Baye fired off an arrow at the skeleton that was up on the raised section of the chamber to the right. But while the arrow hit it seemed to do little more than alert it to her presence.
‘Bugger!’
She cried out in frustration. The skeleton began to head in her direction in a steady unwavering pace. None of the skeletons appeared to have any kind of ranged attack weapon so that meant they would have a little before it reached them. Delde though was more concerned with the two skeletons that were close to her. She could have started to run, try to find a more defensible position and attack from there. But she had another plan in mind, riskier perhaps, but if it worked, she could quickly even the odds of the fight int her groups favour. She calmed her mind. Focused it, focused the magic around her. She had never actually cast this spell before; it did have a good chance of creating a great deal of collateral damage if it hit the wrong thing and she didn’t have many places to practice it. But she did know it, she understood the principles behind it and how to cast it. She stretched out her right hand before her, her left still clenching her staff and let forth a great gout of fire, one that engulfed the two approaching skeletons like dead trees in a forest fire. Delde smiled at her realised power and her grip on her staff relaxed for a moment.

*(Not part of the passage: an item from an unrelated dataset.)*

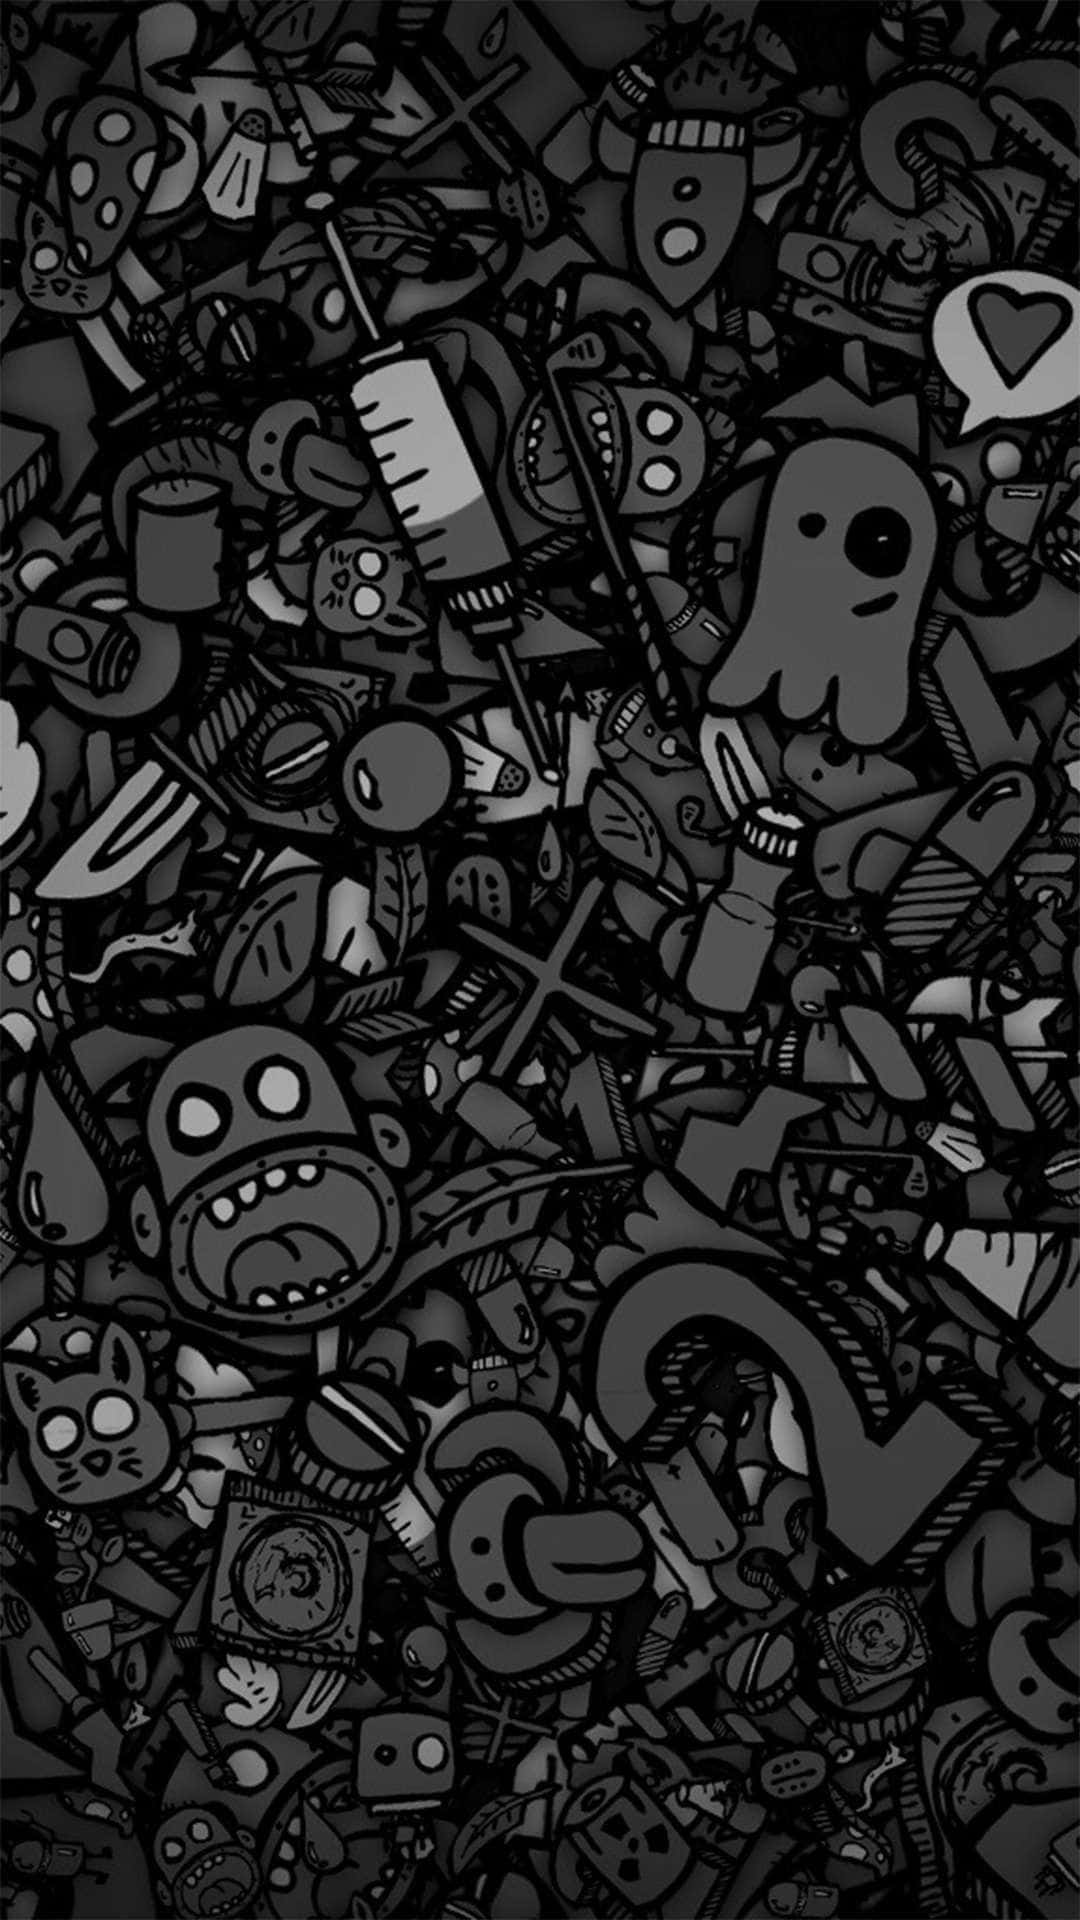 A Black And White Image Of A Black And White Doodle Background

It tightened again when the fire dissipated though, and the two skeletons remained standing, continued approaching, scorched, singed but not destroyed. The blackened skulls of the two oncoming monsters seemed to grin as they got closer.

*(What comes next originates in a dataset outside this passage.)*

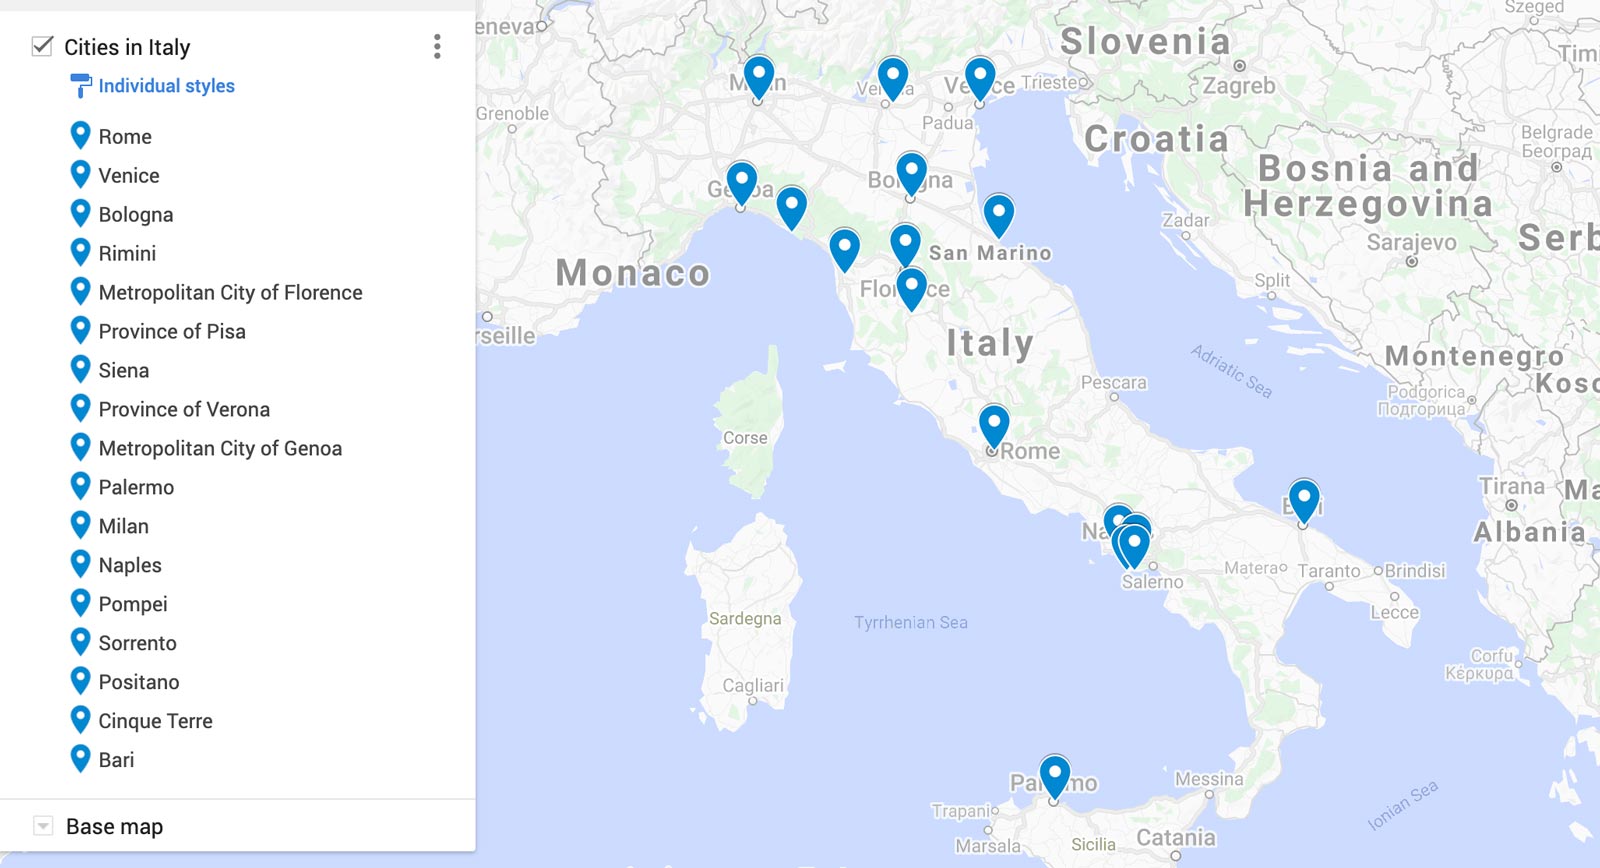 Map of Cities in Italy

‘You creatures… you are a perversion of the natural order of the world, a defilement of this sacred place. You exist only to hurt, to kill, to destroy the lives and works of others and you are utterly incapable of even realising this let alone repenting for it! Hear me now! I am Adriana Uptal, cleric of Sarenrae and your presence here shall be tolerated no longer! Let the light of the Dawnflower give succour to the merciful and scourge the wicked! FOR SARENRAE! FOR KASSEN!’
Adriana held forth her holy symbol of her goddess with pride and the utmost certainty that it would not only protect her, not only protect the rest of the group, but avenge the poor souls who lost their lives at the blades and claws of the approaching undead. It was a faith that Delde had never been able to muster for any deity, not even Nethys the god of magic could evoke such absolute conviction in her heart. Delde had always looked upon such faith dismissively, feeling that such belief should be reserved for what you could do yourself, not given to other outside forces. But looking at Adriana in that moment, surrounded by foes yet utterly unflinching, she understood the power that such faith could give a person.
But Adriana had not just called out a battle cry, nor an empty prayer to her goddess. The polished wooden ankh in her hands began to glow with a golden light that struck a balance of being both soft yet powerful. The light spread out through the chamber and as Delde felt it touch her all the aches and pains she had faded, healed by the grace of Sarenrae, just as it had been when Adriana had healed her for the first time. But the light was not solely beneficent. As it washed over the skeletons there was a sharp hiss as their bones began to emit a pale white smoke as they shook. The effect reminded Delde of her experiments with acids, though without the chemical smell and the ruined desk.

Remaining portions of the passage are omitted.